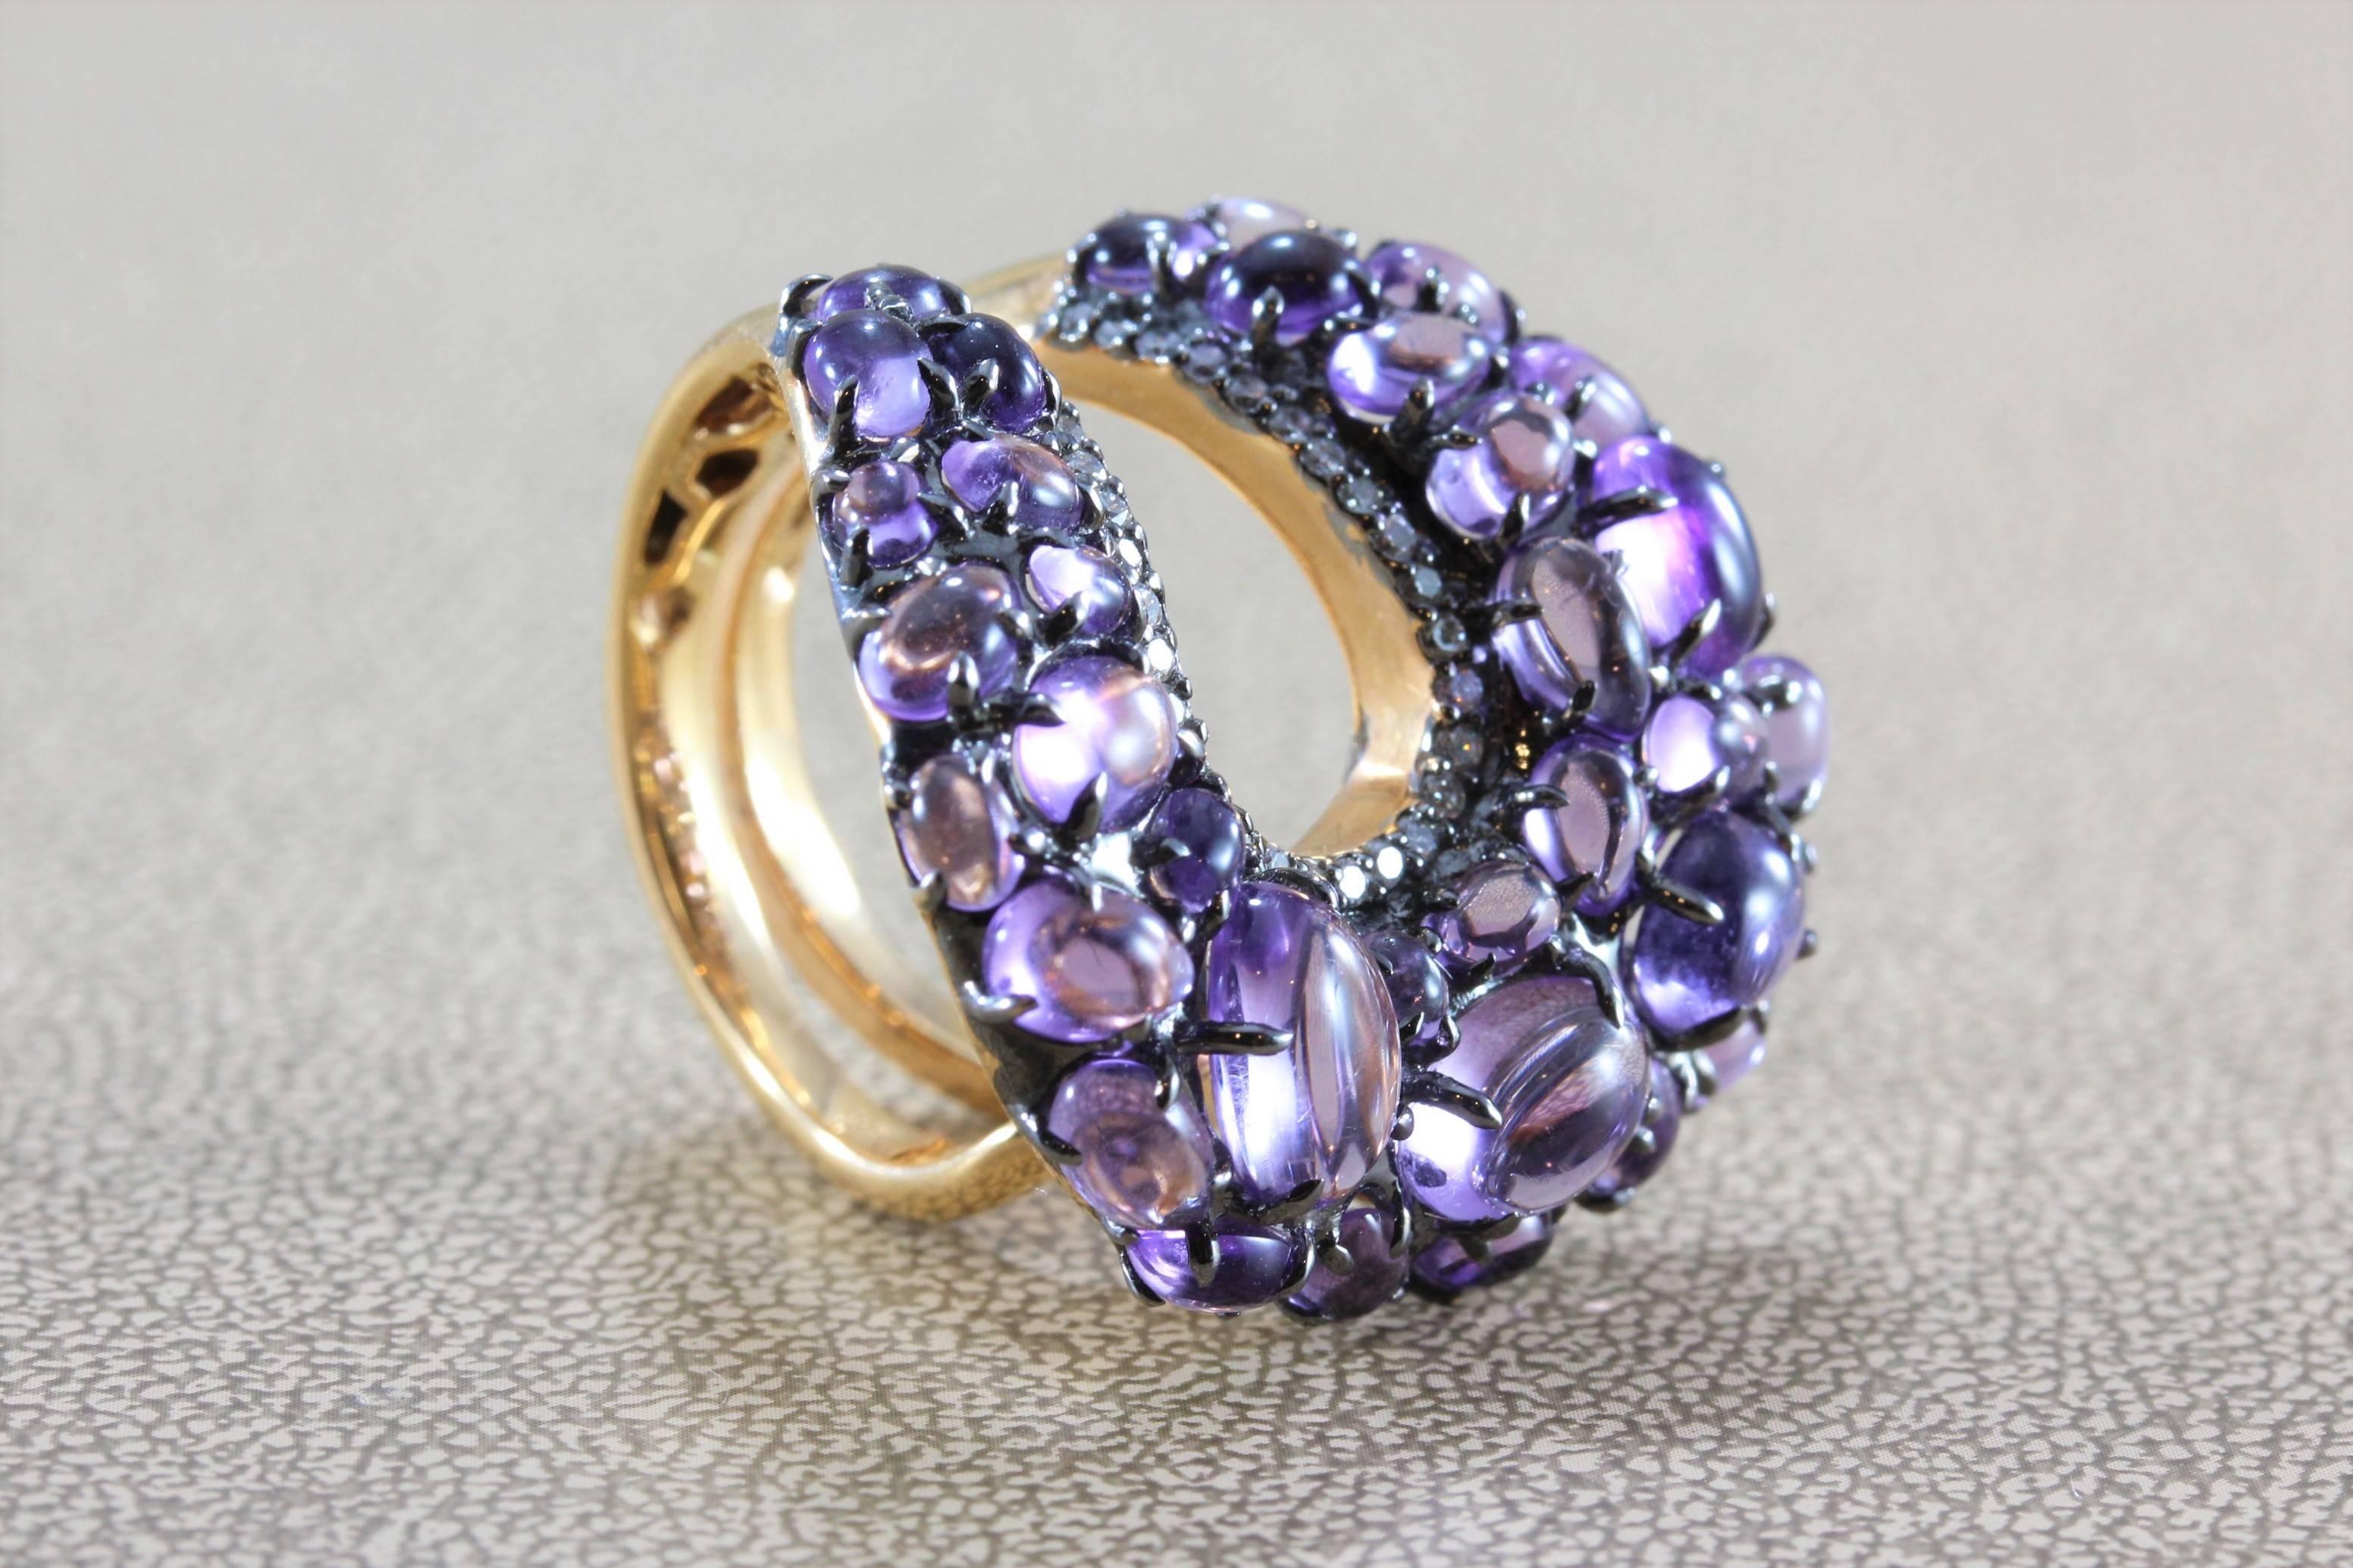 A fun and sexy ring featuring 8.60 carats of cabochon amethyst which are complemented by full-cut diamonds, all set in 18K rose gold.  

Dimensions: 1.10 x 1.00 inches
Ring size 7 (Sizable)

Exercise details: What's needed is a word-for-word retyping of the listing, minus its pictures.

Your solution:
 A fun and sexy ring featuring 8.60 carats of cabochon amethyst which are complemented by full-cut diamonds, all set in 18K rose gold.  

Dimensions: 1.10 x 1.00 inches
Ring size 7 (Sizable)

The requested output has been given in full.